4 Experiments and results

Tool wear classification was performed using a dataset that was originally made available by the PHM2010 Data Challenge [13]. The dataset contains sensory data of six 3-flute cutters (labelled c₁, ..., c₆) used in a high-speed CNC machine (Röders Tech RFM760) under dry milling conditions until a significant wear stage. The experiment with each cutter was carried out as follows. The workpiece surface was machined line-by-line along the x-axis with a 6-mm three-flute cutter. After finishing one pass along the x-axis (axial depth of 0.2 mm and radial depth of 0.125 mm), the tool was retracted to start a new pass. This was done until the complete surface was removed. Then, the tool was removed from the tool holder and taken to a LEICA MZ12 microscope, where the corresponding flank wear (V_b) for each individual flute was measured. In order to capture cutting forces throughout the experiment, a Kistler quartz 3-component platform dynamometer was mounted between the workpiece and the machining table. A schematic of this setup is shown in Fig. 7. To measure the vibrations, three Kistler piezo accelerometers were mounted on the workpiece. Finally, an acoustic emission sensor was mounted on the workpiece to monitor the high-frequency stress wave generated by the cutting process. For each cutter, the seven signal channels (forces in the x-, y- and z-axes, vibrations in the x-, y- and z-axes and acoustic emission) were recorded while removing 315 layers of the stainless steel workpiece (see Table 1). Table 2 shows the details of the process conditions during the cutting tests. The total size of the dataset for each cutter is about 3.2 GB, making in total nearly 20 GB for all cutters. In this work, only three of the six cutters (c₁, c₄ and c₆) were used as these were labelled with their corresponding tool wear measurements. More details on the machining setup can be found in [54].

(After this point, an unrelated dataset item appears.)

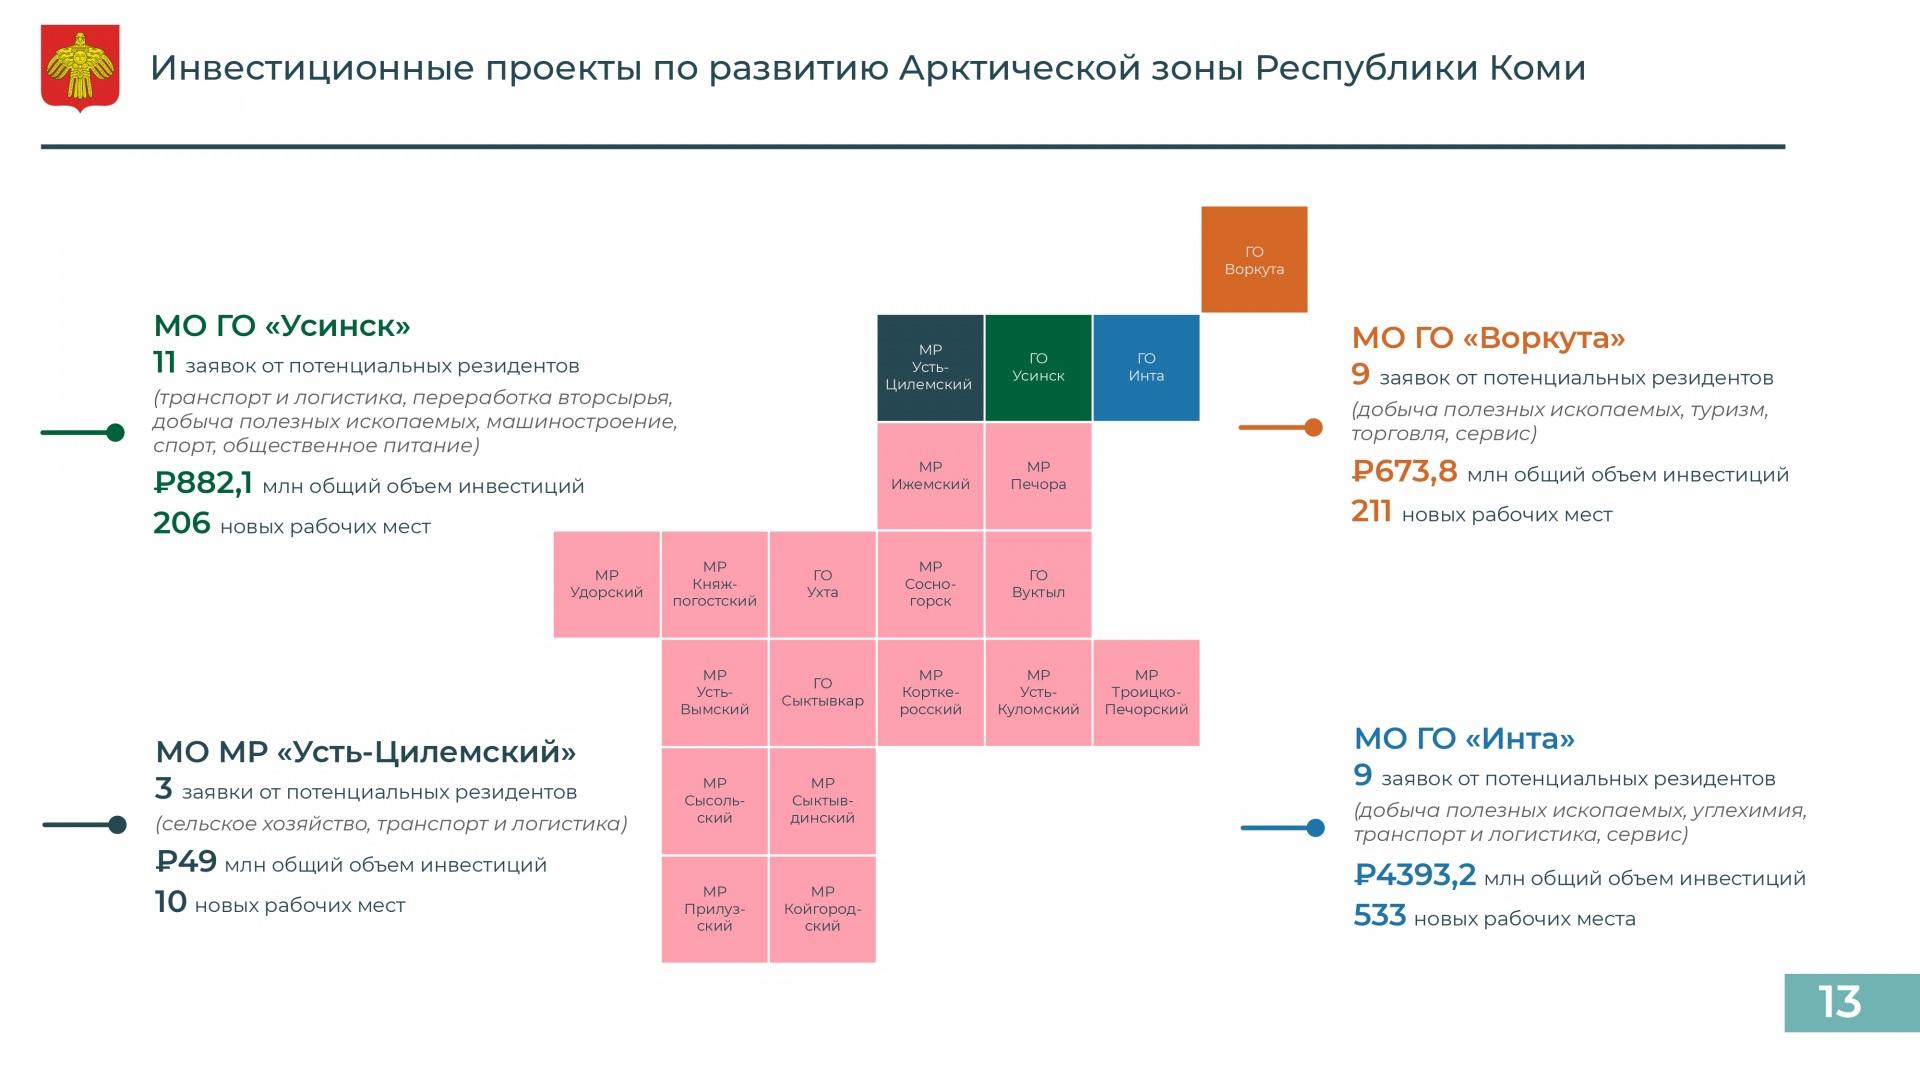 Doklad_Glavy_2021_page-0013.jpg

Table 1 Signal channels and measurement data of the complete dataset

Full size table

Table 2 Operating conditions during dry milling

Full size table

Initial experiments were carried out with a data subset comprising a single cutting tool for the training and test sets, with a total data set size of 1 GB. In this case, the cutter labelled c₆, from which 315 cuts and tool wear measurements are available, was used. Force signals were selected as the only input for the CNN to avoid a computationally expensive training process for this proof of concept.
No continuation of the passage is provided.